И он показал мне семерку червей:
— Я правильно угадал, что открыть сейф можно нажатием картой на меч мозаичного старца…
— Как вы догадались?
— Легко. С помощью моих особых каналов информации. Когда я пришел сюда ночью двадцать второго июня, я уже знал…
— После того как попрощались со мной…
— Приведя вас посредством намеренно избранной темы разговора в определенное состояние, чтобы такой нервный и впечатлительный человек, как вы, позволил мне действовать по моему усмотрению и не покидал кровати.
— Расчет был верным.
— Итак, явившись сюда, я знал, что в сейфе с секретным замком спрятана шкатулка и что ключ, отмычка сейфа — это семерка червей. Надо было только наложить эту семерку на то место, которое было ей предназначено. Мне было достаточно часа осмотра.
— Часа!
— Посмотрите на мозаичного деда.
— Старого императора?
— Этот старый император — точная копия червового короля из любой колоды — Карл Великий.
— Действительно… Но почему семерка червей открывает то большой сейф, то маленький? И почему сначала вы открыли только большой сейф?
— Почему? Да потому, что я упорно накладывал свою семерку в одном и том же положении.
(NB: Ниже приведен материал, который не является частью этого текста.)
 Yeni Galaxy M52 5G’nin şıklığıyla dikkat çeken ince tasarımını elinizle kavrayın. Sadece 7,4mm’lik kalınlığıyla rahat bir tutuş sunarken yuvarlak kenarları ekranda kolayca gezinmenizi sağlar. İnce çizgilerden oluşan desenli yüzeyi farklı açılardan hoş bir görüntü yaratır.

И только вчера заметил: если перевернуть ее, то есть если положить седьмое сердечко, то, что в середине, вверх, а не вниз, расположение семи знаков изменится.
— Ну и ну!
— То-то и оно, но надо было догадаться.
— Еще один вопрос: вы ничего не знали о письмах, до того как мадам Андерматт…
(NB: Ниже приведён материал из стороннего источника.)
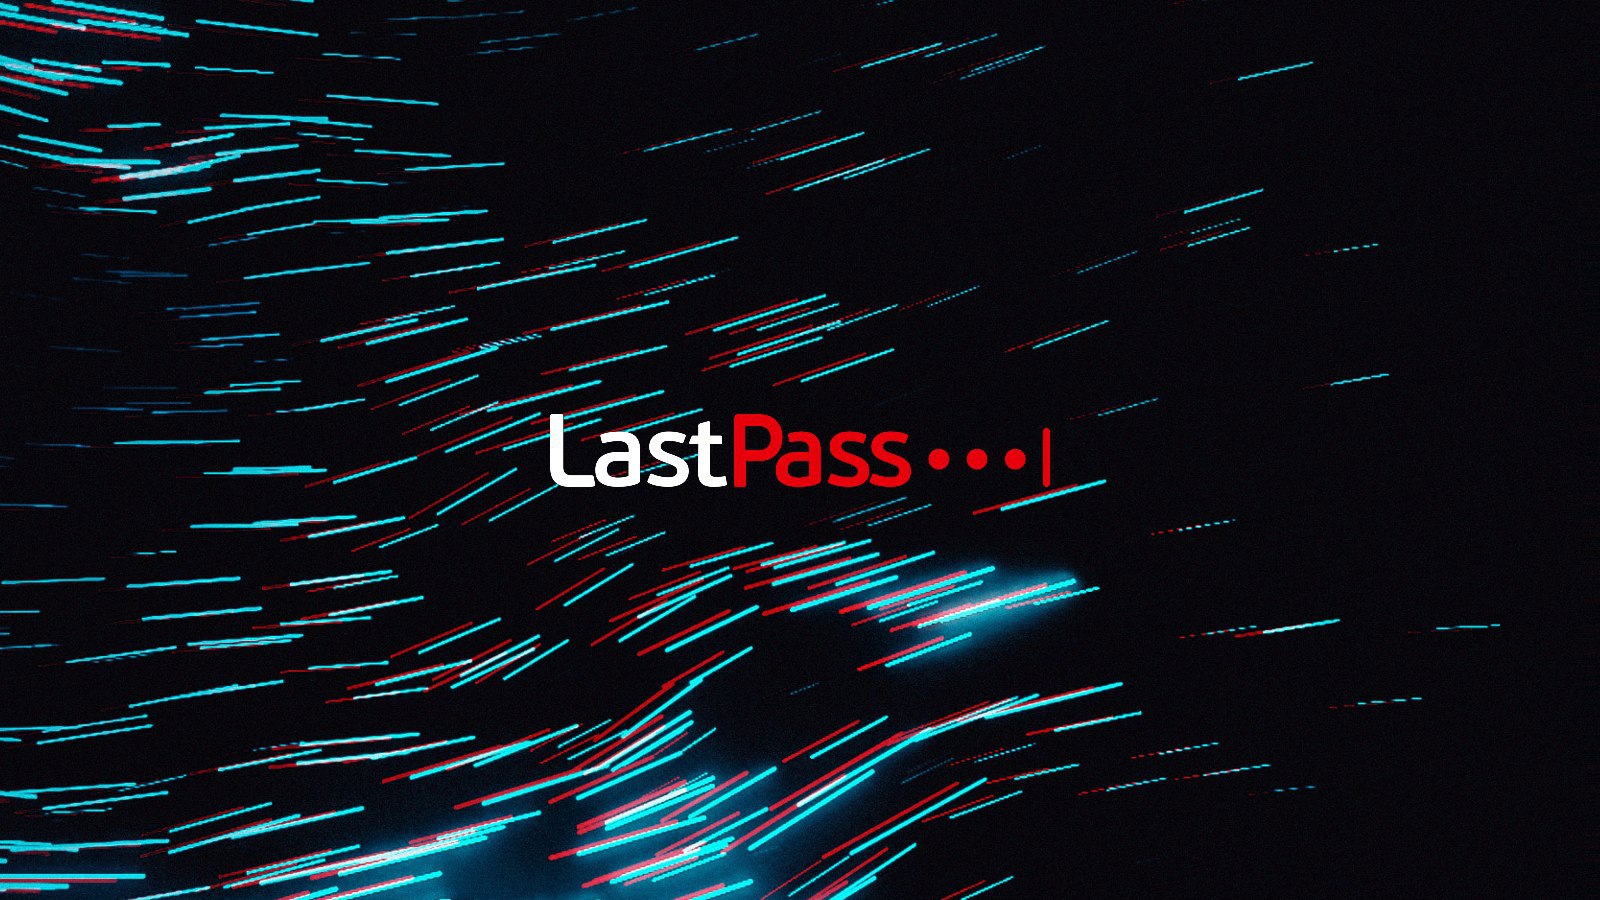 LastPass опять взломали. Компания утверждает, что хакеры имели доступ к его системам в течение четырех дней в августе, но нет никаких доказательств того, что данные клиентов или зашифрованные хранилища паролей были взломаны. Понимаете, признаков нет, но об

— Заговорила о них при мне? Не знал. Помимо шкатулки, я нашел в сейфе лишь переписку братьев, из которой узнал об их предательстве.
— Короче говоря, то, что вам пришлось заинтересоваться историей братьев, а затем разыскивать чертежи и документы, касающиеся подводной лодки, — это чистая случайность?
— Случайность.
— Но с какой целью вы занялись этими поисками?..
Даспри со смехом перебил меня:
— Боже мой! Как же заинтересовало вас это дело!
— Оно захватило меня.
— Хорошо, прямо сегодня, после того как провожу мадам Андерматт и пошлю в «Эко де Франс» заметку, которую собираюсь написать, я вернусь, и мы все обсудим в деталях.
Он сел и написал одну из тех мелких заметок, где так блестяще отразилась фантазия ее автора. Кто не помнит шумихи, прокатившейся по всему миру после ее появления?
«Арсен Люпен решил загадку, которую поставил перед ним недавно Сальватор. Располагая оригинальными чертежами инженера Луи Лакомба, он передал их в руки министра военно-морских сил. В связи с этим он открывает подписку, цель которой — передать государству подводную лодку, построенную по этим чертежам. Сам он подписывается первым на сумму в двадцать тысяч франков».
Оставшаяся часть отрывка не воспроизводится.